Searching a string from a file - python - python

I have a human dictionary file that looks like this in eng.dic (image that there is close to a billion words in that list). And I have to run different word queries quite often.
apple
pear
foo
bar
foo bar
dictionary
sentence
I have a string let's say "foo-bar", is there a better (more efficient way) of searching through that file to see whether it exist, if it return exist, if it doesnt exist, append the dictionary file
dic_file = open('en_dic', 'ra', 'utf8')
query = "foo-bar"
wordlist = list(dic_file.readlines().replace(" ","-"))
en_dic = map(str.strip, wordlist)
if query in en_dic:
return 1
else:
print>>dic_file, query
Is there any in-built search functions in python? or any libraries that i can import to run such searches without much overheads?

As I already mentioned, going through the whole file when its size is significant, is not a good idea.

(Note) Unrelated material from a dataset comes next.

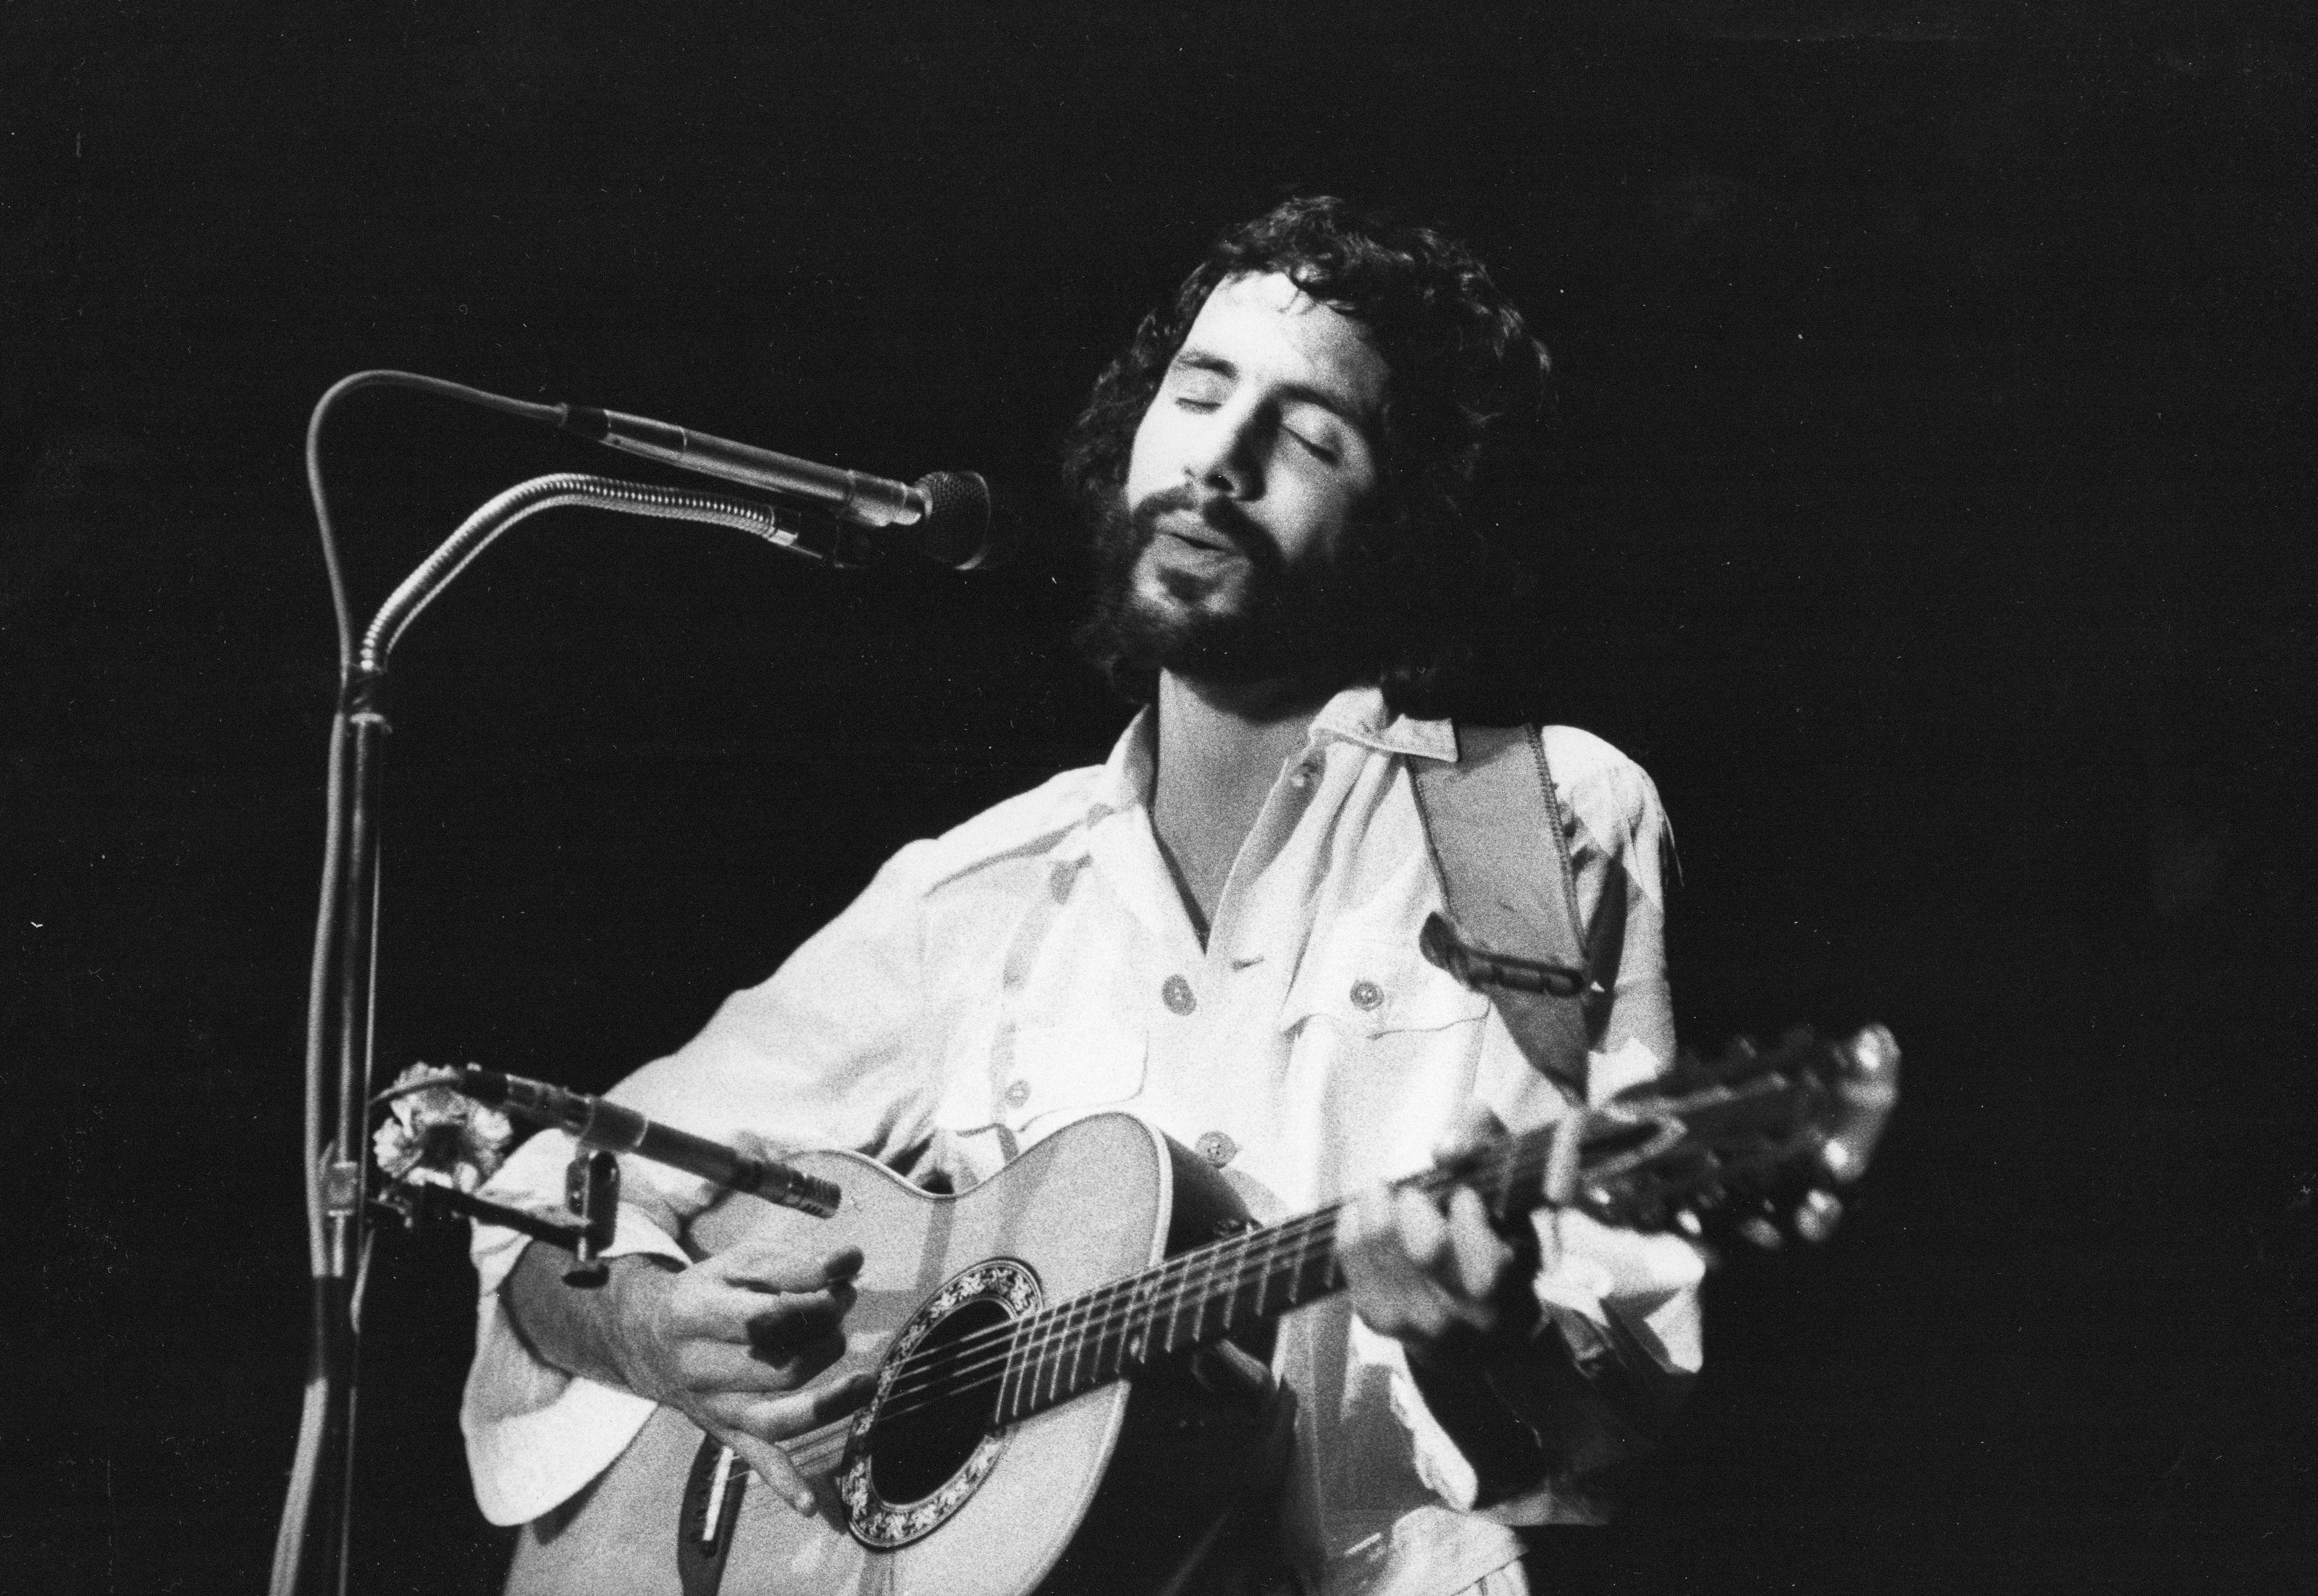 Paul Canty Black and White Photograph - Cat Stevens Performing and Playing Guitar Vintage Original Photograph

Instead you should use established solutions and:
index the words in the document,
store the results of indexing in appropriate form (I suggest database),
check if the word exists in the file (by checking the database),
if it does not exist, add it to file and database,
Storing data in database is really a lot more efficient than trying to reinvent the wheel. If you will use SQLite, the database will be also a file, so the setup procedure is minimal.
So again, I am proposing storing words in SQLite database and querying when you want to check if the word exists in the file, then updating it if you are adding it.
To read more on the solution see answers to this question:
The most efficient way to index words in a document

Most efficient way depends on most frequent operation that you will perform with this dictionary.
If you need to read file each time, you can use while loop reading file line-by-line until result is your word on end of the file. This is necessary if you have several concurrent workers that can update file at the same time.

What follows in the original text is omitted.